A comment on the first post in this series asked why AI Foundry Spoke model deployment happens at all in the Citadel pattern, a question worth answering properly in its own post rather than buried in a reply thread.
Great article as usual! Just wondering, in the given Governance Hub & Agent Spoke architecture, what is the purpose of deploying the models both to the Spoke and the Hub? Shouldn’t they only be deployed to the Hub and provided from there?
That’s a sharp question, and it points at a real tension in the Citadel pattern that the original post didn’t call out explicitly enough. Here’s the direct answer, followed by the reasoning behind it.
The short answer
No, they shouldn’t both serve your application’s inference needs. Only the Hub deployment should. The model deployment sitting in the Spoke exists today because of how Azure AI Foundry’s Agent Service currently works, not because the architecture intends a second, governance-free inference path.
That distinction matters, so it’s worth walking through why the Spoke deployment is there at all.
Why AI Foundry Spoke Model Deployment Happens at All
In the ideal version of the Citadel pattern, every model call flows through the Hub’s APIM gateway. That’s the entire point of centralizing governance in one place. It’s what the rest of the series demonstrated: every agent call routed through apim-wpvlimv4ngkns, with token tracking, content safety, cost attribution, and the kill switch all enforced at that single choke point.
The Spoke still ends up with its own local model deployment because the AI Foundry Agent Service needs one for two reasons. This is a direct consequence of how the AI Landing Zone Bicep templates provision the Spoke, not a choice made anywhere in this series.
It powers the Agent Service’s own internal capabilities.

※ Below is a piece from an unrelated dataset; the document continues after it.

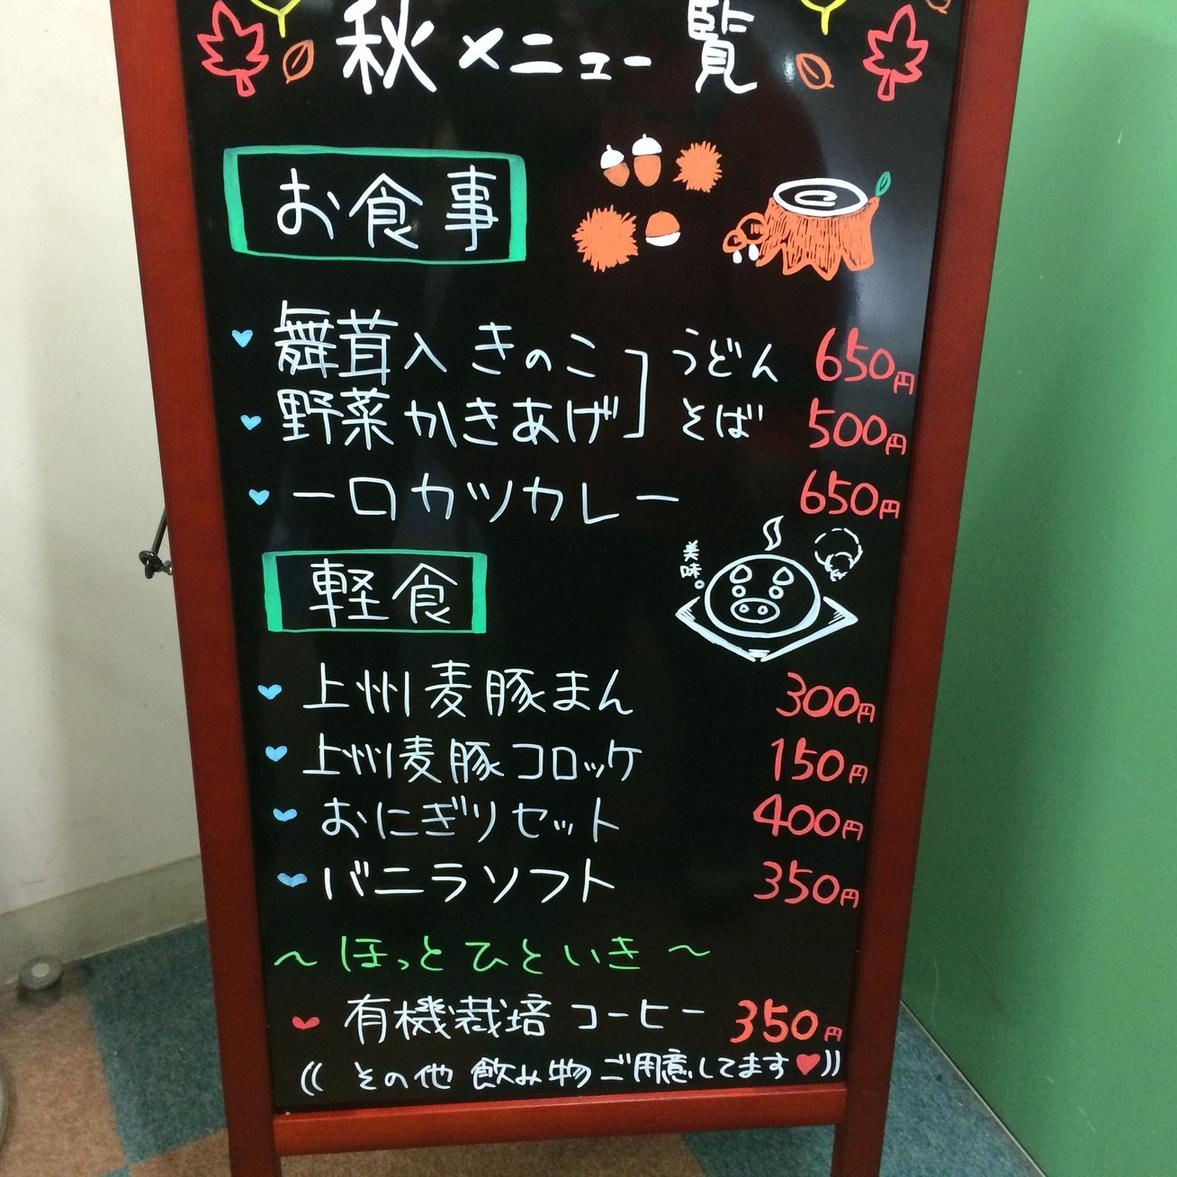 谷川岳ロープウェイ ベースプラザレストラン 売店

Thread management, agent orchestration, and built-in tools like Code Interpreter or File Search (when enabled) call the model directly, through Foundry’s own runtime, rather than through any external endpoint you control. That runtime doesn’t route through APIM. It talks to whatever model deployment sits alongside it in the same project.
It satisfies the Foundry project’s provisioning requirements. A Foundry project currently expects an associated model deployment to exist as part of setting up the project, even if your actual application traffic never calls that deployment directly.
Neither of these is a governance decision. They’re artifacts of how the Agent Service is architected right now.
Two paths, not one
The practical result is that a Citadel deployment ends up with two separate paths to a model, and they serve different purposes.

The Spoke’s local deployment exists for Foundry’s own internal agent runtime. It’s not meant to see your production traffic, and if it does, none of the governance you built in the Hub applies to those calls.
The Hub’s deployment, reached through APIM, is what your application code should use. That’s what we wired up explicitly in Part 2 of this series, with the standard OpenAI SDK pointed at the gateway rather than directly at the Foundry endpoint. The Hub itself is built on the AI Hub Gateway Solution Accelerator, and its AI gateway capabilities are exactly what give APIM the token metering, content safety, and audit trail features this series has leaned on throughout.
The second path exists precisely because of a limitation the series already documented. The Agent Service SDK, in its current preview state, doesn’t route its own LLM calls through APIM. It bypasses the gateway entirely, which means using it directly would mean giving up token metering, policy enforcement, and audit trails on every call the agent makes. That’s why Part 2 used the standard OpenAI SDK pointed at APIM instead of the native Agent Service SDK, and it’s the same underlying issue this reader’s question is really about.
What this means in practice
If you’re building on this pattern today, treat the Spoke’s model deployment as infrastructure the platform needs to exist, not as a second inference endpoint your application is allowed to call. Point your application code at the Hub, through APIM, every time. Leave the Spoke deployment alone to do the job Foundry needs it for internally, and don’t build anything that calls it directly for your own traffic.
If you’re reviewing someone else’s Citadel-pattern deployment, this is worth checking explicitly. A model deployment sitting in a Spoke isn’t wrong by itself, but it’s worth confirming nothing in the application is quietly calling it and skipping the gateway.
Where this is heading
I’d expect this to tighten up as the Agent Service SDK matures out of preview and gains native APIM routing support. When that happens, the two-path situation described here becomes a one-path situation, and the Spoke deployment stops being something you need to actively route around.

Until then, the answer to the original question stands: deploy to the Hub, govern everything through APIM, and treat the Spoke’s model deployment as plumbing the platform needs rather than a second front door.
Thanks to the reader who asked the original question. It’s exactly the kind of detail that’s easy to leave implicit in an architecture diagram and much more useful said out loud.